For the sake of completeness, some of the graphs I see when I was training on a 3.3h dataset (with custom phonemeization) with ~1 year old code base (pre configurable attention settings and built-in phonemeization support). This looks healthier.

config snippet was pretty simple:
“num_freq”: 1025,
“sample_rate”: 22000,
“frame_length_ms”: 50,
“frame_shift_ms”: 10.0,
“preemphasis”: 0.97,
“min_level_db”: -100,
“ref_level_db”: 20,
“embedding_size”: 256,
“text_cleaner”: “null_cleaners”,

"num_loader_workers": 4,

"epochs": 1000,
"lr": 0.002,
"warmup_steps": 4000,
"lr_decay": 0.5,
"decay_step": 100000,
"batch_size": 32,
"eval_batch_size":-1,
"r": 5,
"wd": 0.0001,

"griffin_lim_iters": 60,
"power": 1.5,

If anyone does have a ‘bare bones’ config (with the least reliance on any fancy new features) that they know works fine on LJ Speech with the current master, I’d love to see it.

Still getting these loss spikes across configurations.

I used graves attention model config from:

(attached mine just in case)
config.json.zip (3.2 KB)

I pulled the most recent (9b97430a74fd5b43b5e0c0b11fddfeb38e60bd92) and now getting an odd NaN issue.

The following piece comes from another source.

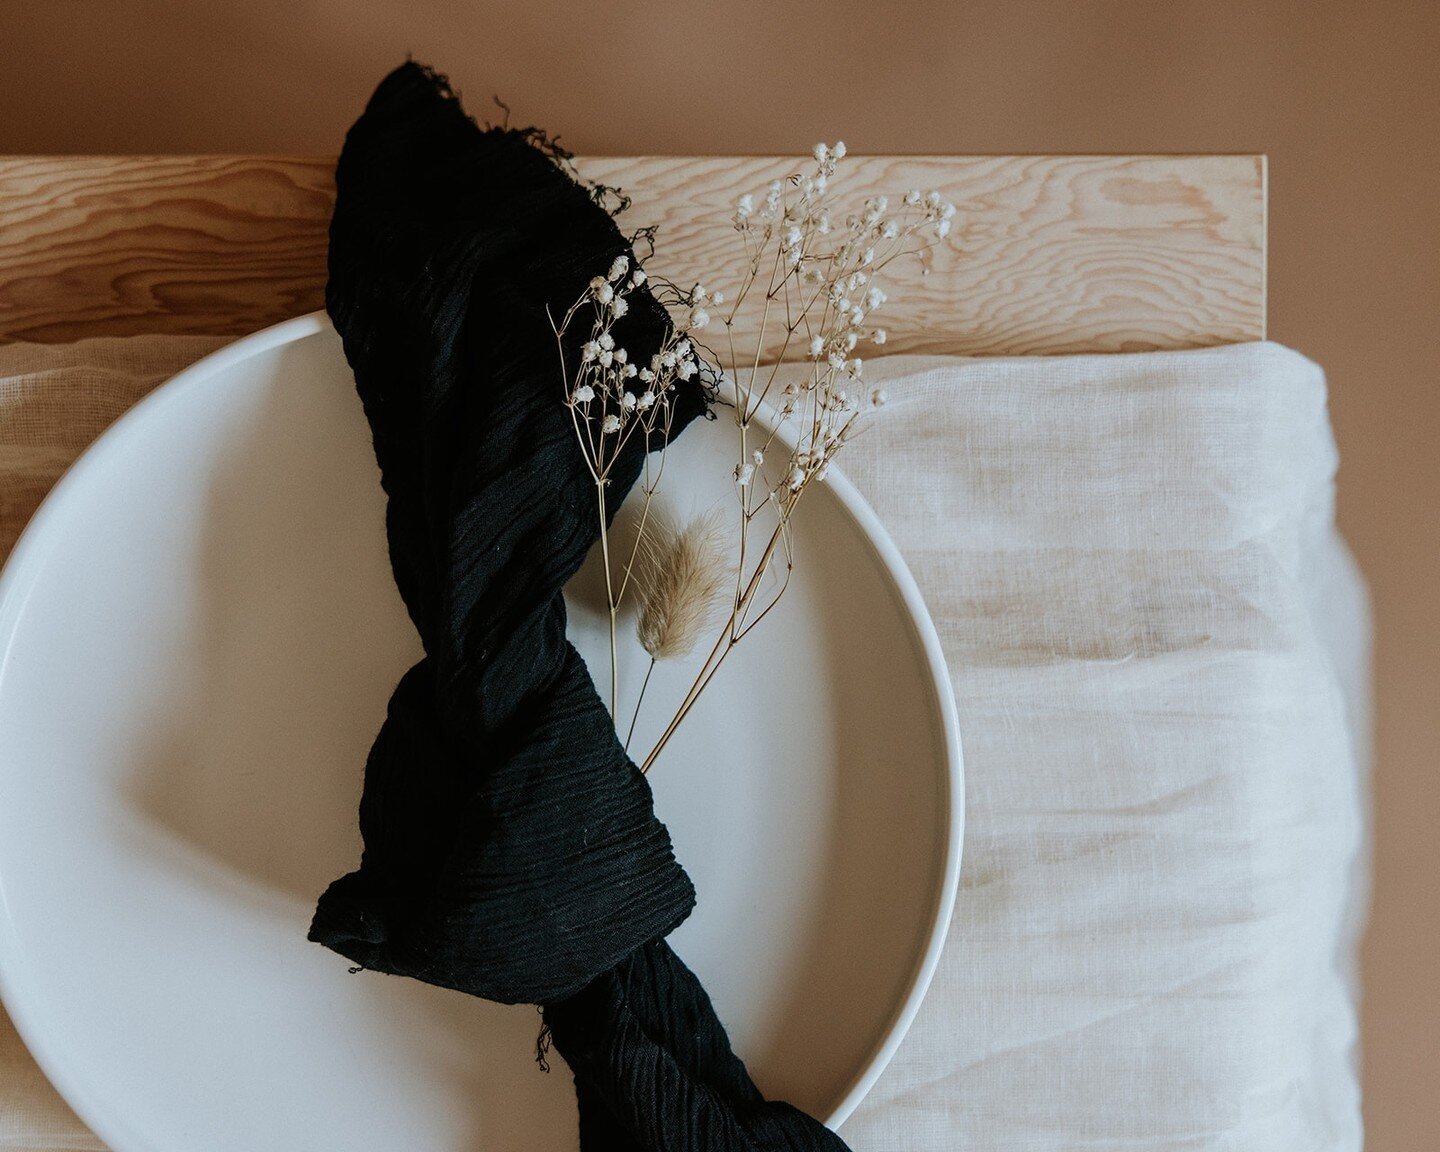 Sleek. Simple. Black linens 🖤

#eventrentals #eventdesign #eventdecor #decor #decorideas #eventinspo  #weddinginspo #dinnerparty #tabledecor #tablescape #tablesetting #linens #black #blacklinens

I’m going to sanity check whatever I can (data etc.), but if anyone can see the issue, I’d love to know.

Validation
| > TotalLoss: 6.85920 PostnetLoss: 0.12684 - 0.12684 DecoderLoss:0.21654 - 0.21654 StopLoss: 6.45301 - 6.45301 AlignScore: 0.4279 : 0.4279
warning: audio amplitude out of range, auto clipped.
| > Synthesizing test sentences
| > Training Loss: 0.15940 Validation Loss: 0.12559
Number of outputs per iteration: 3

Epoch 358/1000
| > Step:16/92 GlobalStep:21075 PostnetLoss:0.32882 DecoderLoss:0.45036 StopLoss:0.17568 AlignScore:0.1434 GradNorm:4.90582 GradNormST:2.12395 AvgTextLen:59.9 AvgSpecLen:336.6 StepTime:1.03 LoaderTime:0.02 LR:0.000100
| > Step:41/92 GlobalStep:21100 PostnetLoss:0.28766 DecoderLoss:0.40615 StopLoss:3.42795 AlignScore:0.1384 GradNorm:46714.50217 GradNormST:13.98048 AvgTextLen:93.1 AvgSpecLen:517.1 StepTime:1.37 LoaderTime:0.02 LR:0.000100
| > Step:66/92 GlobalStep:21125 PostnetLoss:0.42214 DecoderLoss:0.55323 StopLoss:0.23890 AlignScore:0.0948 GradNorm:354.74020 GradNormST:2.37551 AvgTextLen:116.8 AvgSpecLen:651.6 StepTime:1.67 LoaderTime:0.01 LR:0.000100
| > Gradient is INF !!
| > Gradient is INF !!
| > Gradient is INF !!
| > Gradient is INF !!
| > Step:91/92 GlobalStep:21150 PostnetLoss:nan DecoderLoss:nan StopLoss:nan AlignScore:nan GradNorm:nan GradNormST:nan AvgTextLen:149.2 AvgSpecLen:776.4 StepTime:0.81 LoaderTime:0.01 LR:0.000100
[WARNING] NaN or Inf found in input tensor.
[WARNING] NaN or Inf found in input tensor.
[WARNING] NaN or Inf found in input tensor.
[WARNING] NaN or Inf found in input tensor.
| > EPOCH END – GlobalStep:21151 AvgPostnetLoss:nan AvgDecoderLoss:nan AvgStopLoss:nan AvgAlignScore:nan EpochTime:120.15 AvgStepTime:1.29 AvgLoaderTime:0.03
[WARNING] NaN or Inf found in input tensor.
[WARNING] NaN or Inf found in input tensor.
[WARNING] NaN or Inf found in input tensor.
[WARNING] NaN or Inf found in input tensor.

Validation
| > TotalLoss: nan PostnetLoss: nan - nan DecoderLoss:nan - nan StopLoss: nan - nan AlignScore: nan : nan
! Run is kept in /nobackup/myadav1/TTS/output/mky_ljspeech_graves2-bn-March-06-2020_08+21PM-9b97430
Traceback (most recent call last):
File “train.py”, line 715, in
main(args)
File “train.py”, line 634, in main
epoch)
File “train.py”, line 450, in evaluate
eval_audio = ap.inv_mel_spectrogram(const_spec.T)
File “/home/users/myadav/venvs/sri_tts/TTS/utils/audio.py”, line 174, in inv_mel_spectrogram
return self.apply_inv_preemphasis(self._griffin_lim(S**self.power))
File “/home/users/myadav/venvs/sri_tts/TTS/utils/audio.py”, line 190, in _griffin_lim
angles = np.exp(1j * np.angle(self._stft(y)))
File “/home/users/myadav/venvs/sri_tts/TTS/utils/audio.py”, line 199, in _stft
win_length=self.win_length,
File “/home/users/myadav/.virtualenvs/sri_tts/lib/python3.6/site-packages/librosa/core/spectrum.py”, line 215, in stft
util.valid_audio(y)
File “/home/users/myadav/.virtualenvs/sri_tts/lib/python3.6/site-packages/librosa/util/utils.py”, line 275, in valid_audio
raise ParameterError(‘Audio buffer is not finite everywhere’)
librosa.util.exceptions.ParameterError: Audio buffer is not finite everywhere

Ok, switching to dev and starting with the template config looks like typical healthy training. Still not quite sure how the stuff above is happening in master, but it seems to not be there in dev.